In una democrazia inquinata i nuovi “politici d’affari”, simili agli antenati portati agli onori delle cronache di “mani pulite”, badano al sodo, ossia ai guadagni – in termini monetari, sia quelli in busta paga che le prebende sottobanco, ma anche di relazioni, contatti, entrature, informazioni – cui possono puntare nella loro traiettoria professionale nelle istituzioni pubbliche.

Resta da chiedersi perché proprio adesso arrivino questi colpi di mano parlamentari, quale sia il senso di questa “restaurazione” di una versione parodistica dell’Ancien Régime partitocratico, che però – seguendo la legge di ripetizione della storia enunciato da Karl Marx – dalla versione tragica emersa con “mani pulite” oggi vira inesorabilmente verso la farsa. Sicuramente pesa l’eclissarsi delle impalpabili strutture di partito, ormai assimilabili ad assemblaggi precari di cordate e potentati locali, incapaci – ma in fondo anche disinteressati – a recuperare qualche briciola della credibilità perduta agli occhi dei cittadini.

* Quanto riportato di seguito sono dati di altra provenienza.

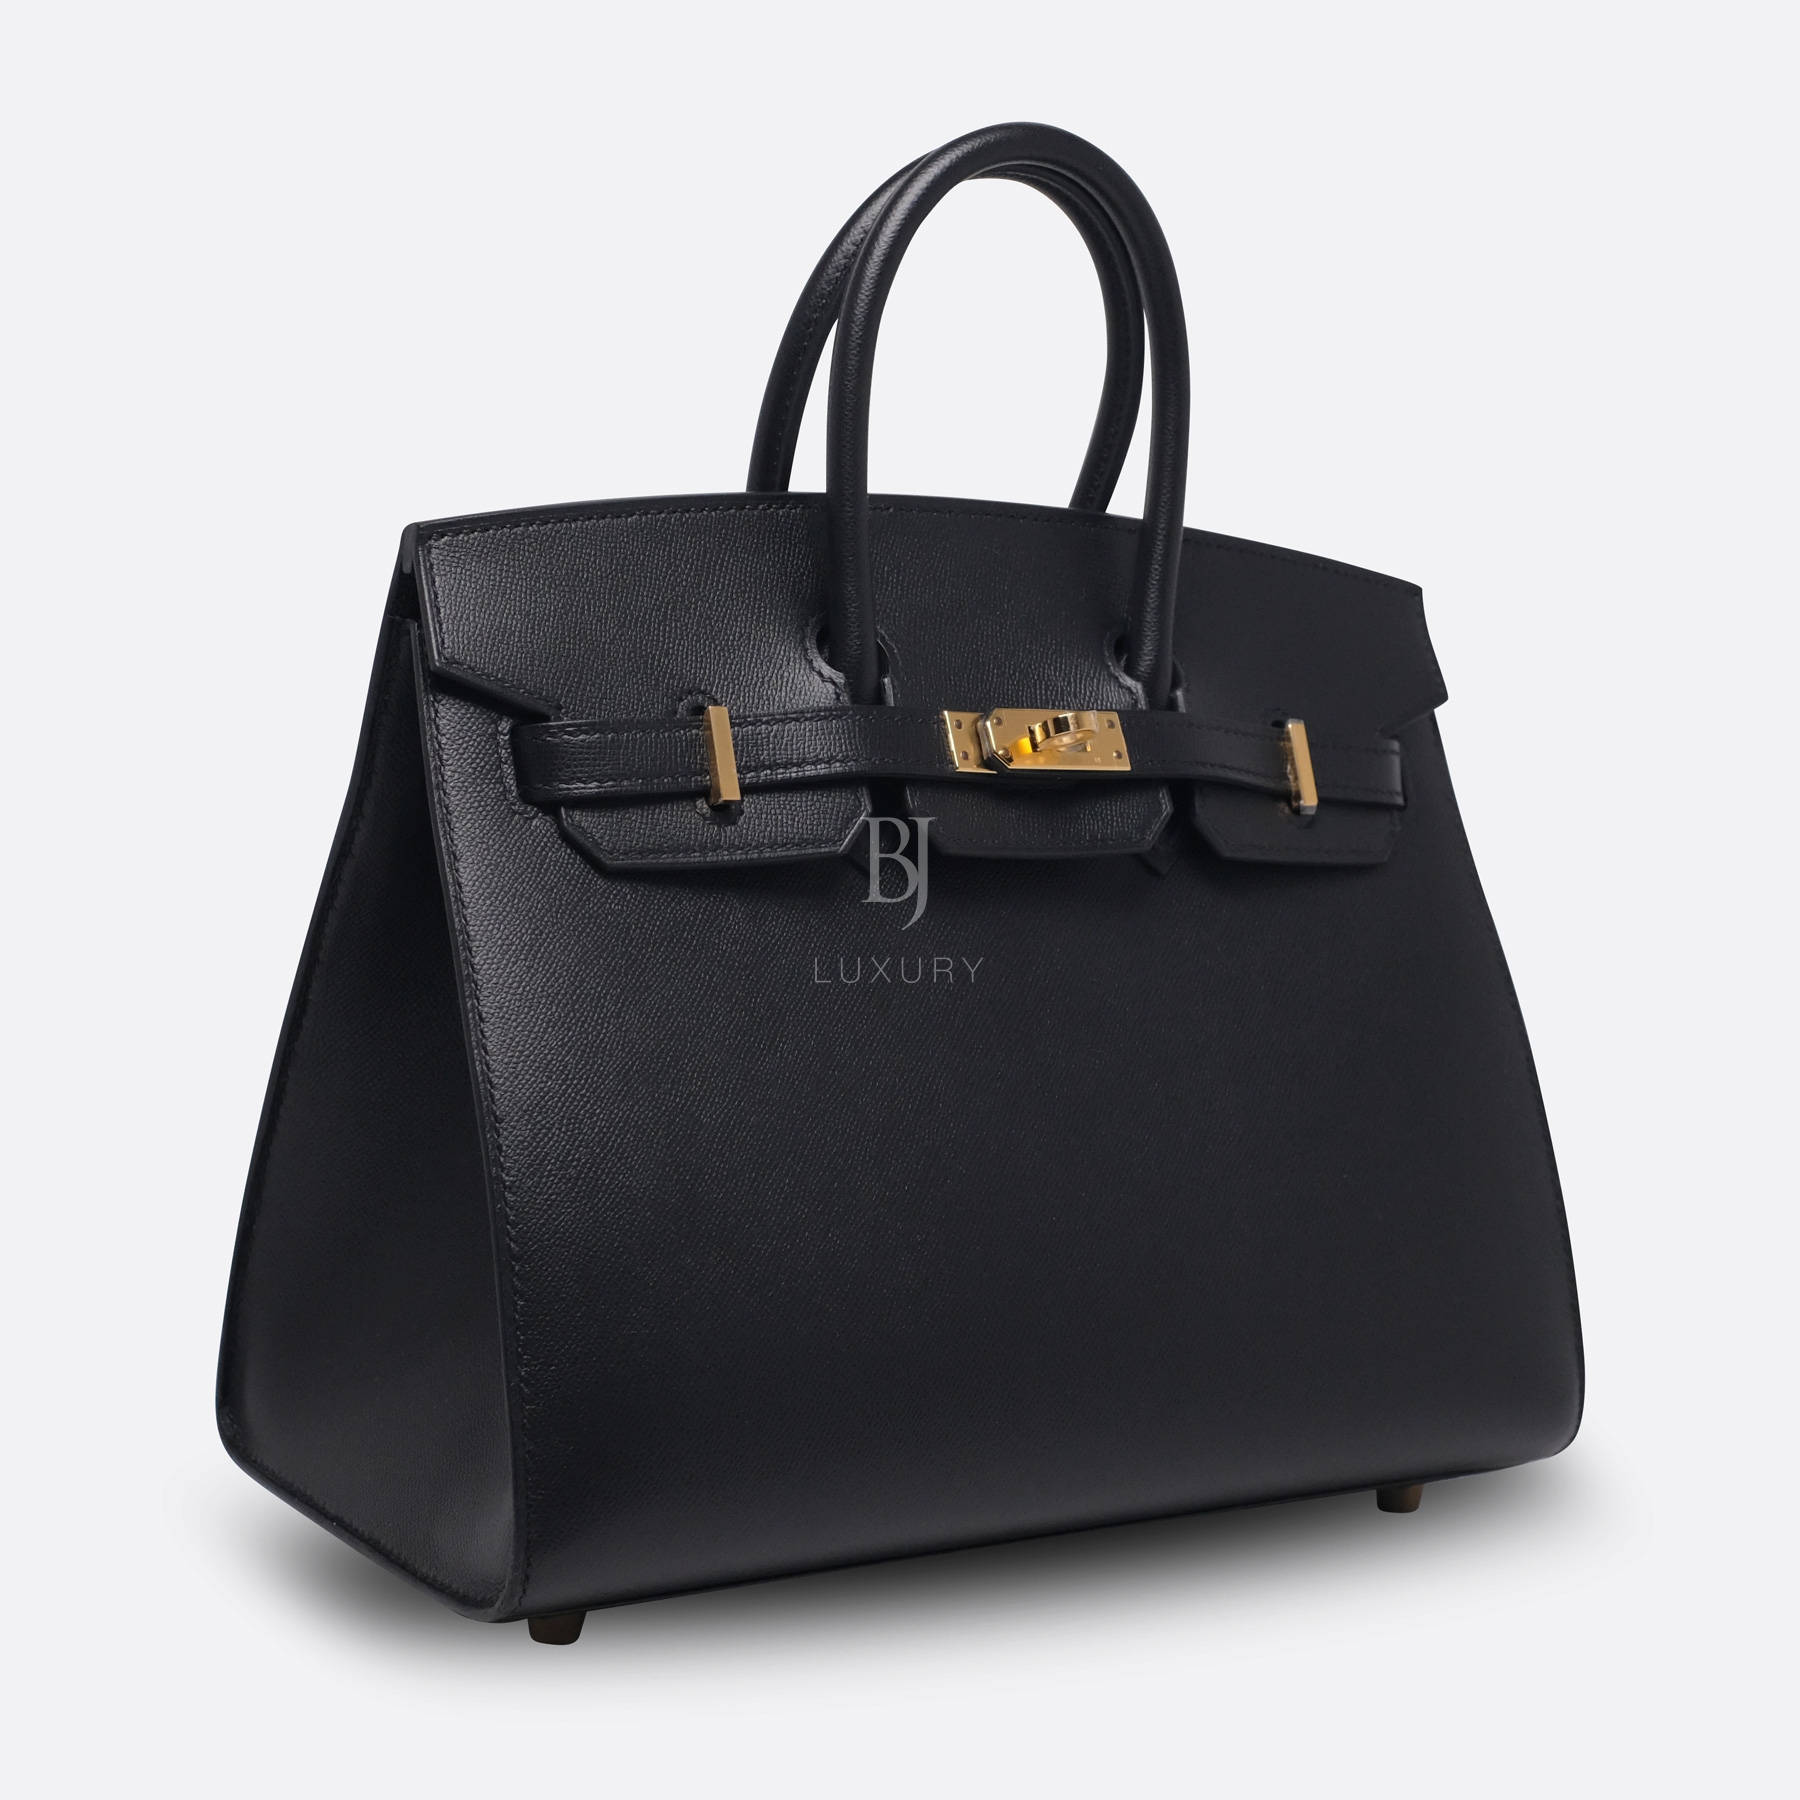 Birkin Sellier 25 Black Veau Madame Gold BJ Luxury 10.jpg
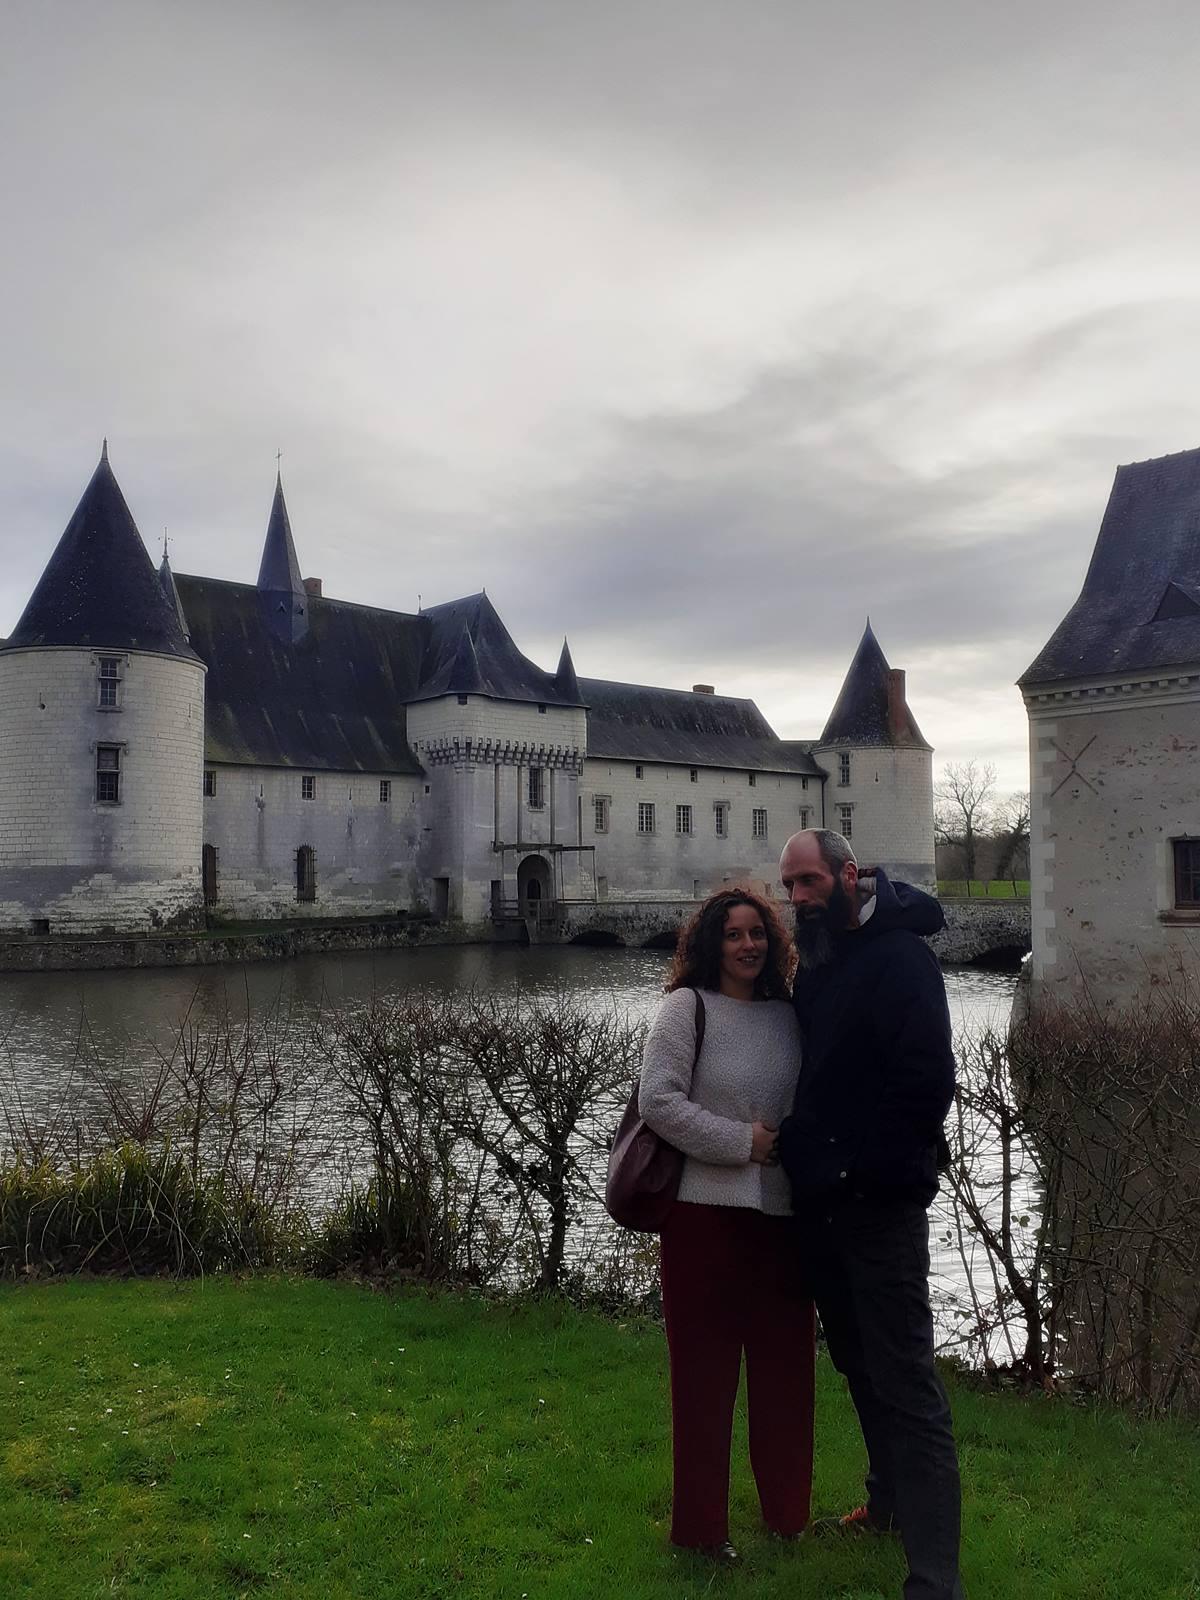 Chateau plessis bourre maine loire tourisme20200222 170356

Del resto il tema sembra appassionare sempre di meno l’opinione pubblica, investita di ben altre preoccupazione nell’emergenza economica-sanitaria in corso. Almeno, questo parrebbe il calcolo degli esponenti di centro-destra che marciano compatti alla riconquista dei privilegi perduti, sotto l’ombrello di un governo delle larghissime intese nel quale il capiente ombrello della guida “tecnica” sembra assumere una valenza soporifera e deresponsabilizzante, anche rispetto a decisioni politiche di piccolo cabotaggio, come quelle sui vitalizi. In fondo, il vessillo della lotta agli sprechi della politica ha già un portabandiera indiscusso, per l’appunto un Movimento 5 Stelle in crisi nei sondaggi, dunque a nessun altro soggetto politico conviene cavalcare un tema altrui per conquistare consensi.

Di certo, non vi è nulla di illegittimo nelle decisioni “sovrane” prese dagli organi interni alle Camere, per quanto schizofreniche esse risultino – e di qui l’appello de Il Fatto alla Presidente del Senato per tentare la strada dell’attribuzione di un conflitto di attribuzione tra i poteri dello Stato e rimediare al danno. Decisioni formalmente legittime, eppure profondamente delegittimanti, i cui costi reali – le tossine della sfiducia verso la classe politica e i governanti – rischiano di incidere a lungo sulla qualità dei nostri processi democratici.